Adding battery storage to intermittent generation increases reliability, but because humans don’t control the fuel, it’s not truly dispatchable (yet). For batteries to be truly reliable, they need to be charged with dispatchable power generation (this costs money). Right now, batteries are charged on solar and wind – which are by definition intermittent (and have zero marginal cost). Until battery technology and penetration improve meaningfully, batteries are still intermittent in nature and humans can’t, with near-complete certainty, know how and when batteries can be dispatched over longer periods of time. On a first-principles basis, we think of batteries as increasing both the reliability of solar and wind generation but also increasing the costs of said generation, making them not yet competitive with natural gas (eventually they will be).

See, there’s a large difference between minimizing the lifetime cost of power from a single generating asset, and maximizing the financial returns from a single generating asset.

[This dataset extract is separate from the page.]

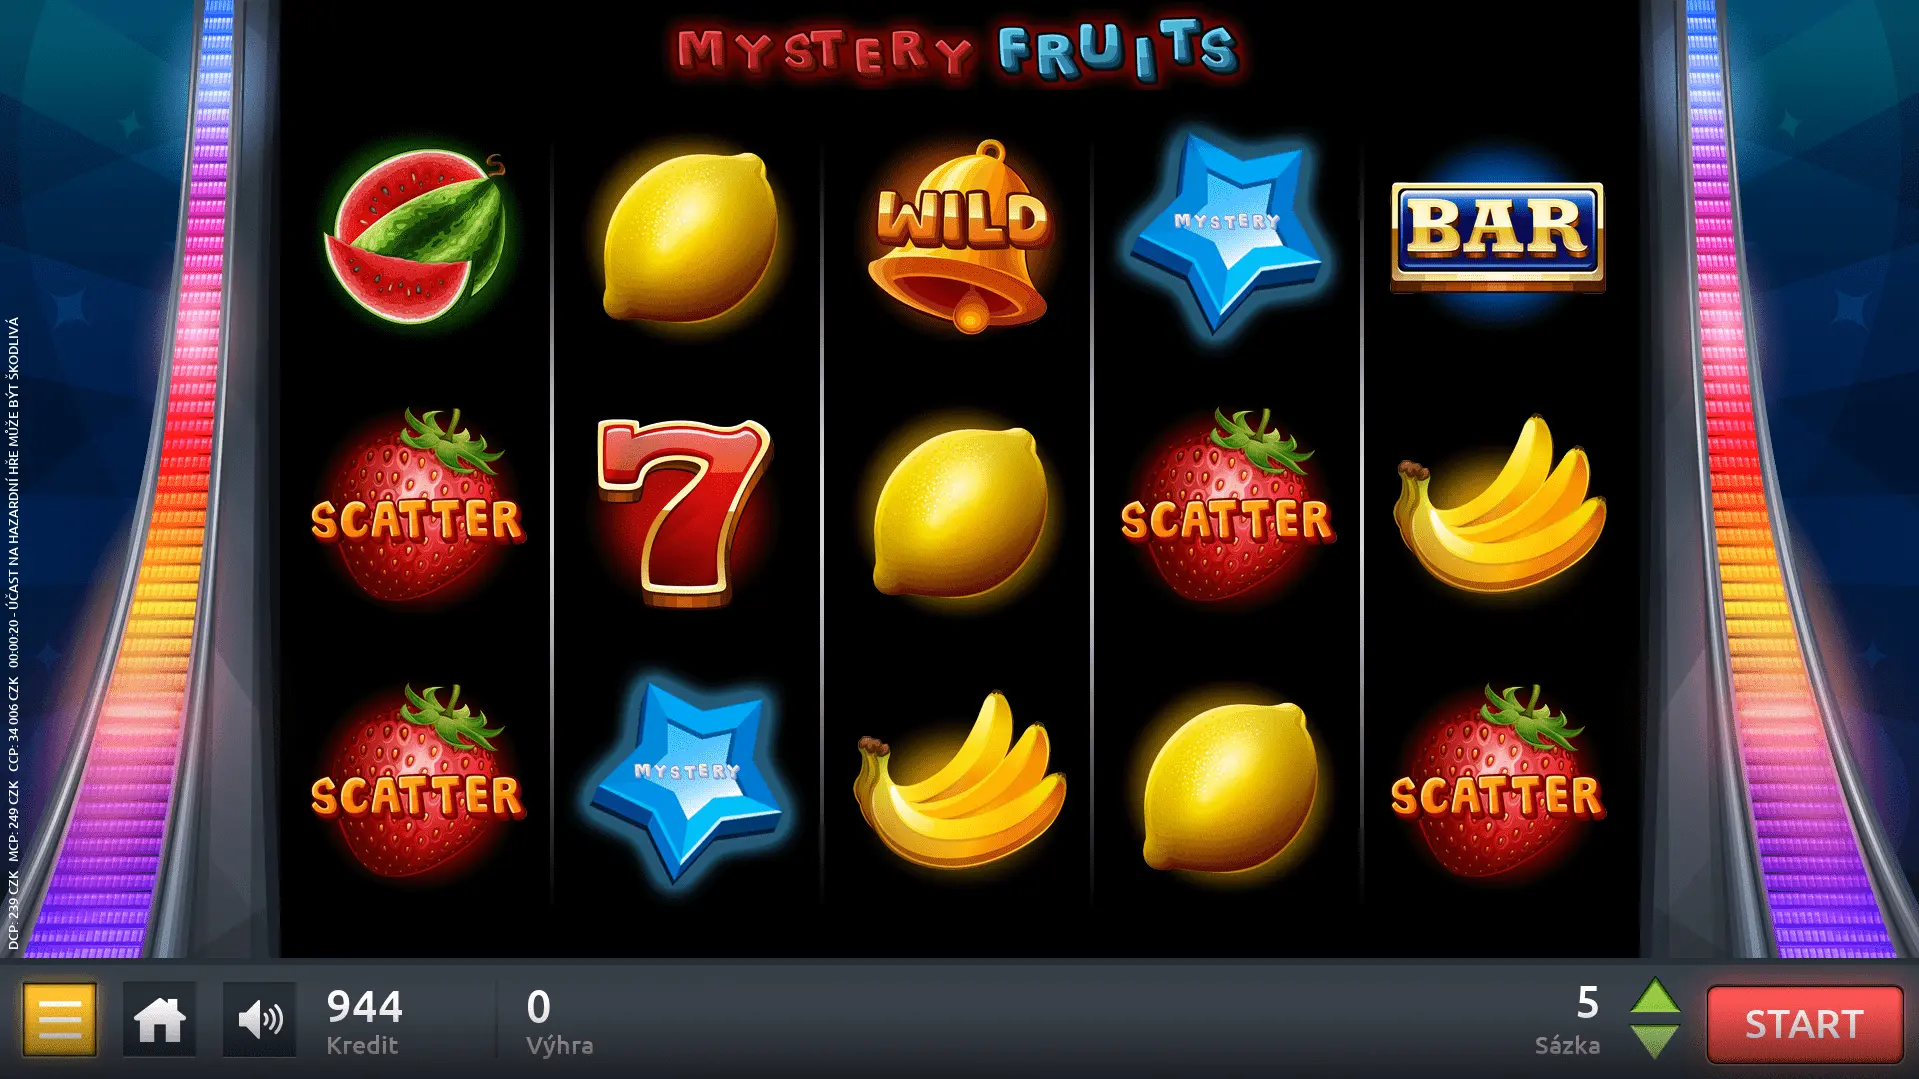 YSTERY FRUITS je hra se pěti válci, obsahuje 12 různých symbolů (pomeranč, citrón, švestka, banán, třešně, víno, meloun, bar, sedmička, scatter, wild, mystery

As merchant markets crowd out reliable generation to add assets that effectively seek to capture volatility we don’t think that’s healthy, nor aligned with the trajectory of AI demand growth. You will hear discussions of “grid arbitrage” using batteries (as they can respond almost immediately to high power prices and begin discharging); though for the next 10 years, the US should avoid any scenario where arbitrage like this is possible, as it would mean that capital isn’t pooling into baseload generation, nor have we begun overbuilding power infrastructure (it’s merely increasing the price of intermittent generation next to gas). Certainly the power traders (very grumpy people) will find their way into my inbox and tell me (among other harsh things) why I’m wrong, a failure, an idiot – and how a vPPA is just as good as a PPA and batteries are actually increasing social welfare (saving the turtles too) – we’re not advocating for a system that only build gas-fired generation, rather a system that prefers matching bottoms-up demand with bottoms-up generation as a rule of thumb.

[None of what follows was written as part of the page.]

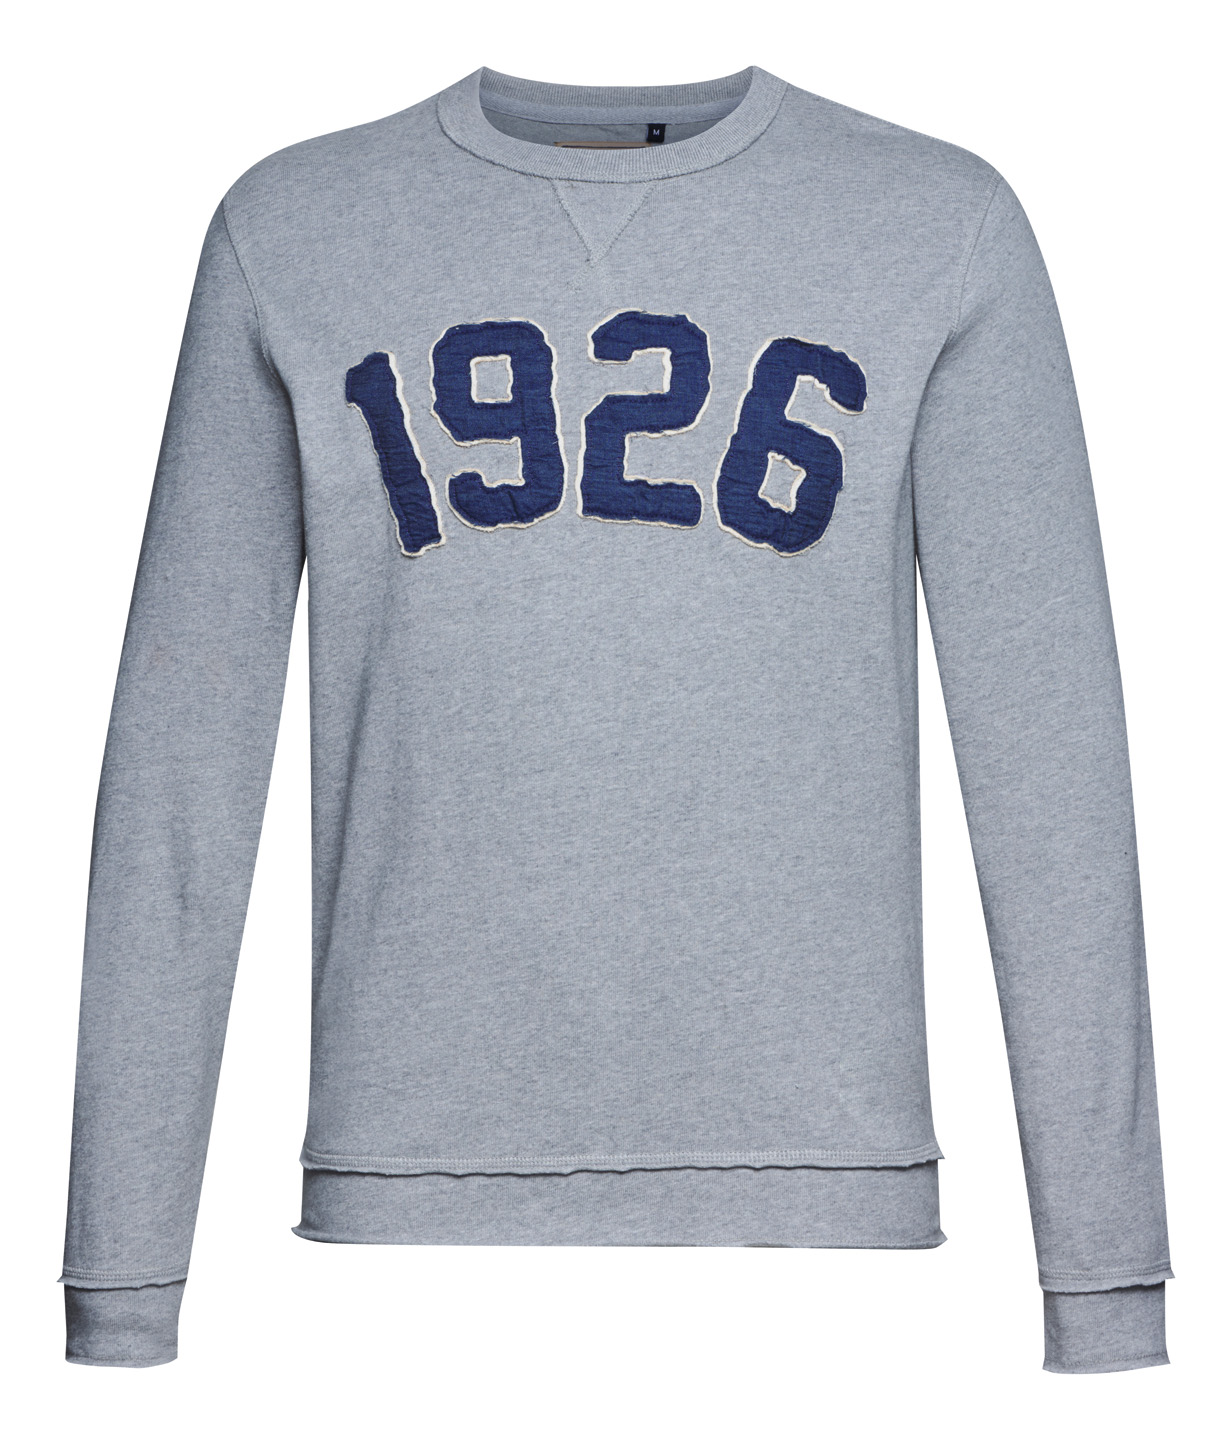 Sweatshirt 1926

We’ll spend the next decade testing and implementing load management technologies (like what Base Power is doing), and slowly supplement with batteries and renewables, when we’re ready to prune our grid again and grind down our cost per token (much like the gas producers grinded down their own cost structure), we’ll have not already won at AI, but have the tools to keep winning while never risking downtime. Intermittent generation has its place, and it will absolutely play a vital role in the future of how labs serve intelligence. Zero marginal cost power generation will be key in staying at the bottom of the token cost curve; but for the next decade, the implied cost of slowing model breakthroughs because you’re waiting for the sun to rise again, is far greater than the cost of natural gas.

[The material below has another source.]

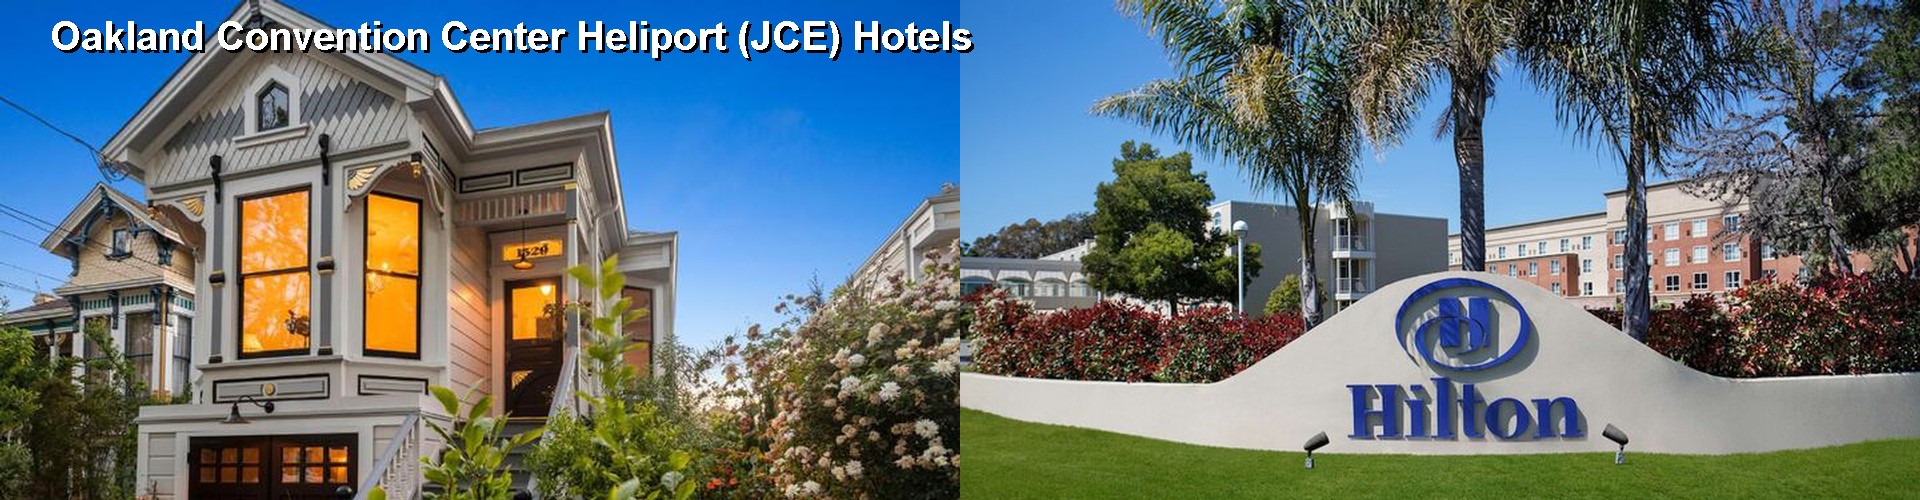 4 Best Hotels near Oakland Convention Center Heliport (JCE)

While this is all a fairly idealistic view (especially in merchant markets), as baseload power demand grows from largely price-insensitive consumers (data centers), we expect that a socially-driven focus on holistic grid quality will emerge (optimizing full-cycle and marginal unit costs, along with overall reliability), rather than over-exposing grids to renewables that might only optimize single-asset IRRs (this also means firming existing renewables with batteries). Ultimately, it will be the data center developers that drive this outcome, but as grid power begins to compete with the LCOE of new gas generation, we’d expect (and hope) that a more industrial-revolution first principles type logic prevails (gas is just so good at generating electricity).

The charts above show the measurable impact of AI on power prices (left), and natural gas consumption (right). For those looking where behind the meter gas consumption shows up, it’ll be in residential and commercial demand – which is up ~1 Bcf/d y/y when adjusted for weather.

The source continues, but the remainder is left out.